As the L6 IB students embark on their Extended Essays here’s some advice and information which we hope will be useful for all 6th formers, both A level and IB. How much do you know about the EE requirements? Try this quick Extended Essay quiz devised by Sarah Pavey, the Librarian at Boxhill School.
- Check the catalogue See what books are available in College.
- Ask the librarians! We are here to help and can get articles and books from other libraries (e.g. British Library and London Library)
- Use the e-library We subscribe to a large number of online resources. Try Questia as a starting point for e-books and articles on any subject and including international coverage.
- NewsBank – For local and national newspaper articles indexed up to yesterday and going back to the 1980’s.
- Google Scholar Get to the heart of the good stuff on Google. Find scholarly or academic articles, research and reports on Google Scholar. If it doesn’t give you full-text access, it is likely that we can track these down for you.
- Make a note of the details of the sources you use as you go along, this makes it much easier to compile the Bibliography at the end.
- More information about other online sources on the e-library here
- Think about the keywords you are using to search for your subject – make a list of alternative words and synonyms to broaden and narrow your search results.
- Read this excellent booklet: Using Sources – A Guide for Students: Find it – Check it – Credit it
- For study tips – note-taking, organising your time etc See the Revision and Research Help page on this blog
More web sources:
Subject Portals Pinakes is a website hosted by Heriot Watt University. It provides a “Subject Launchpad”. Portals bring the best websites and collections of documents together in one place. Particularly useful and famous ones are:
- Bized (for Business Studies and Economics)
- Sci Central Gateway to the best Science News sources
- Sapling Architecture, Planning and Lanscape information gateway.
- Physics World – News, views and information for the global physics community from the Institute of Physics
- Philosophy around the Web Don’t be put off by the amateurish look of this website.The main purpose of this site is to act as a guide and a gateway to philosophy resources on the Internet.
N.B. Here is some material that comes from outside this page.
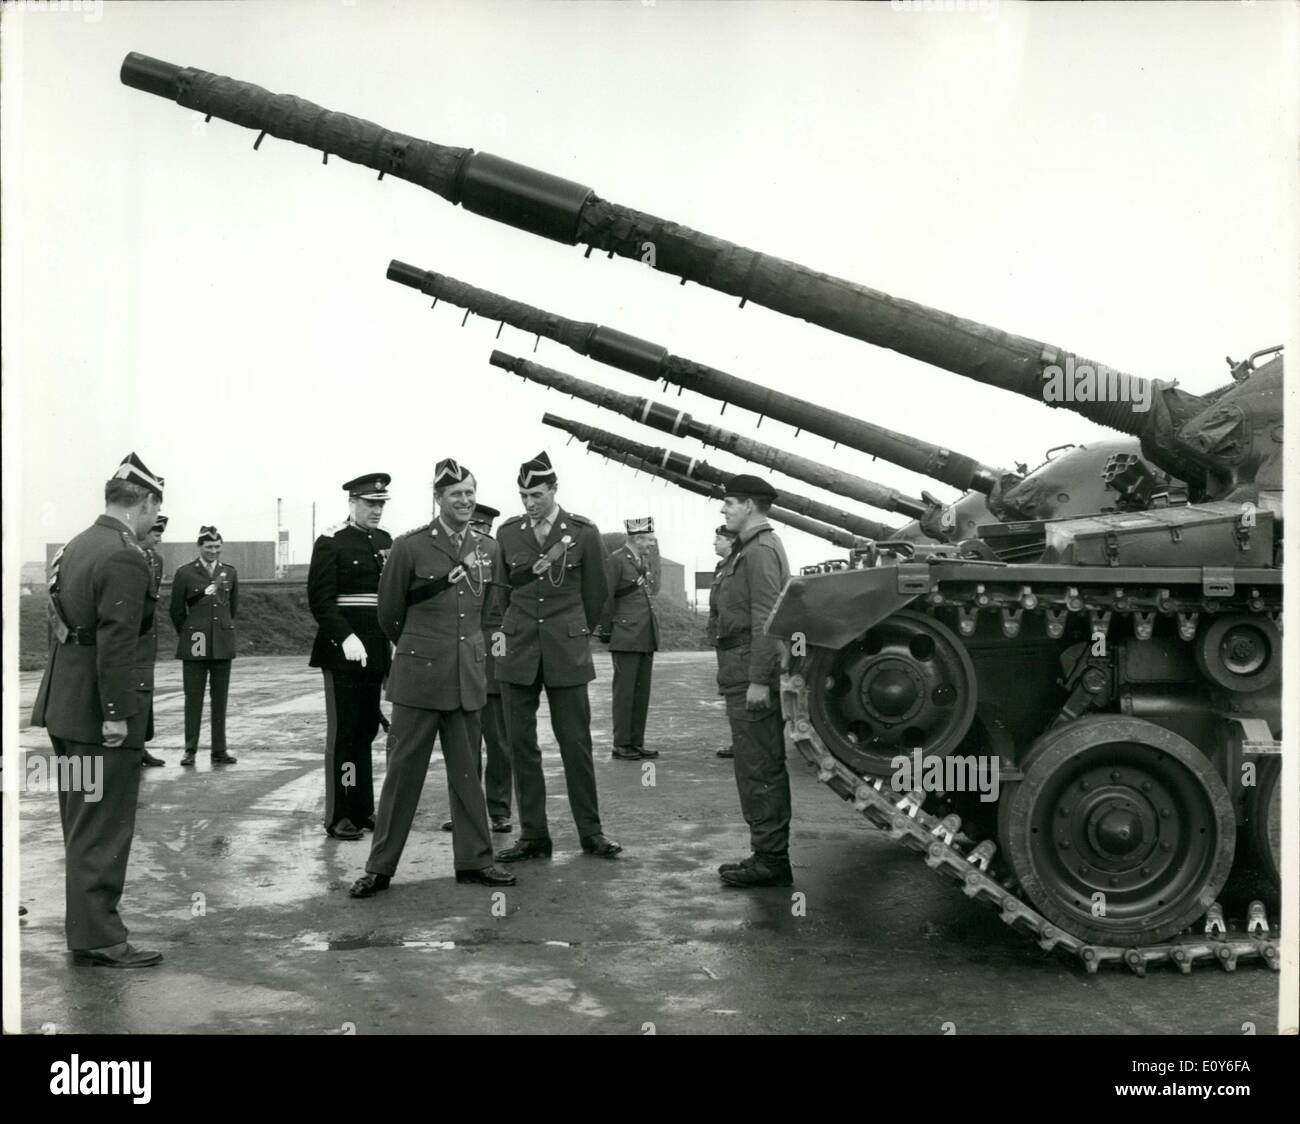 3. März 1969 - Prinz Philip treibt, Häuptling und Feuer Waffe: Prinz Philip gestern fuhr einen 51-Tonnen-Chieftain-Panzer und feuerte seine 120-mm-Geschütz, als er die Queen Royal Irish Hussars, er Oberst besuchte-in-Chief, bei Bovington, Dorset ist. Das Foto zeigt Prinz Philip Panzer-Besatzungen zu treffen, als er unter der riesigen Gewehrläufe, Spaziergänge, während eine Reihe von Chieftain-Panzer in Bovington gestern Inspektion gesehen. Stockfoto

- PubMed Central PMC is a free full-text archive of biomedical and life sciences journal literature at the U.S. National Institutes of Health’s National Library of Medicine (NIH/NLM).
My favourite anti-plagiarism video comes from Bergen University Library. It’s based on Charles Dickens ‘Christmas Carol’ and is very funny.
Be sure to credit images you use. Here’s a useful website ‘5 good places for students to find public domain images‘ (these are images you can use to illustrate your work but you still need to cite the copyright holder)
This is an excellent initiative by the creators of wikipedia. People have donated their photos to be freely used by others. This is an excellent source of copyright free images.
- For more advice and information on Referencing and compiling your Bibliography see the Referencing & Research page of the intranet
- Always list all your sources in your Bibliography (include people you interviewed, Tweets, Podcasts, TV documentaries, online sources and websites as well as the more obvious books, articles and newspapers)
- Always state the date you accessed a website
- To generate bibliographic references very easily try Cite This For Me
- Be consistent – choose one style of referencing and stick to it. Harvard is a good one to adopt.